*** Data supplied ***
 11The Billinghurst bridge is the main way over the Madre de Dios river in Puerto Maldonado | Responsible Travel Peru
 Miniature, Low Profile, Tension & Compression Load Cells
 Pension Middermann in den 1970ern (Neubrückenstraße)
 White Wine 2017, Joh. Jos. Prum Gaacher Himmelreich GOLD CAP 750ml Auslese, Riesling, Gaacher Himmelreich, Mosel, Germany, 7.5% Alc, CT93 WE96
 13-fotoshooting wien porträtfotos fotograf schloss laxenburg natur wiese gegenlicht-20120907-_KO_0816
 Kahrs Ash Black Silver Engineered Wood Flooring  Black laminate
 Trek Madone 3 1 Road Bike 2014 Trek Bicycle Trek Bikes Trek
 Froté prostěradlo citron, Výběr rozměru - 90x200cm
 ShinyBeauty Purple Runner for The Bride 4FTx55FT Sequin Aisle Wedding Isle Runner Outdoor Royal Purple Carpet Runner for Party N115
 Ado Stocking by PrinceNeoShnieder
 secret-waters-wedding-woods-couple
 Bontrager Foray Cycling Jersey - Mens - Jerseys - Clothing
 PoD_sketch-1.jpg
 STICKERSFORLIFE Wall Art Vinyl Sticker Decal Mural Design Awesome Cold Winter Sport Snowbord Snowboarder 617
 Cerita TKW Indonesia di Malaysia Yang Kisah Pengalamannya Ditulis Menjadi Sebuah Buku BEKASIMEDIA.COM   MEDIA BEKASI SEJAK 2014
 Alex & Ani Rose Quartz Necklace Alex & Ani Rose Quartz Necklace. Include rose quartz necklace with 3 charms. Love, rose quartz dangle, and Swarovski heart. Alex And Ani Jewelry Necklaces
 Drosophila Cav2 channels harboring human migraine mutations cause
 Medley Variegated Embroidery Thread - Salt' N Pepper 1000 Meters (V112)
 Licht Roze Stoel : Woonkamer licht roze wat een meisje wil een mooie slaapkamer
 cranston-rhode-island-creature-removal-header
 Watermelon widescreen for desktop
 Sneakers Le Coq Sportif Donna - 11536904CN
*** End of Data supplied ***
→ Required work
Only an exact reproduction of the lines from the one with "Alex & Ani Rose Quartz Necklace Alex" to the end of the listing is expected.

→ Answer to this task
 Alex & Ani Rose Quartz Necklace Alex & Ani Rose Quartz Necklace. Include rose quartz necklace with 3 charms. Love, rose quartz dangle, and Swarovski heart. Alex And Ani Jewelry Necklaces
 Drosophila Cav2 channels harboring human migraine mutations cause
 Medley Variegated Embroidery Thread - Salt' N Pepper 1000 Meters (V112)
 Licht Roze Stoel : Woonkamer licht roze wat een meisje wil een mooie slaapkamer
 cranston-rhode-island-creature-removal-header
 Watermelon widescreen for desktop
 Sneakers Le Coq Sportif Donna - 11536904CN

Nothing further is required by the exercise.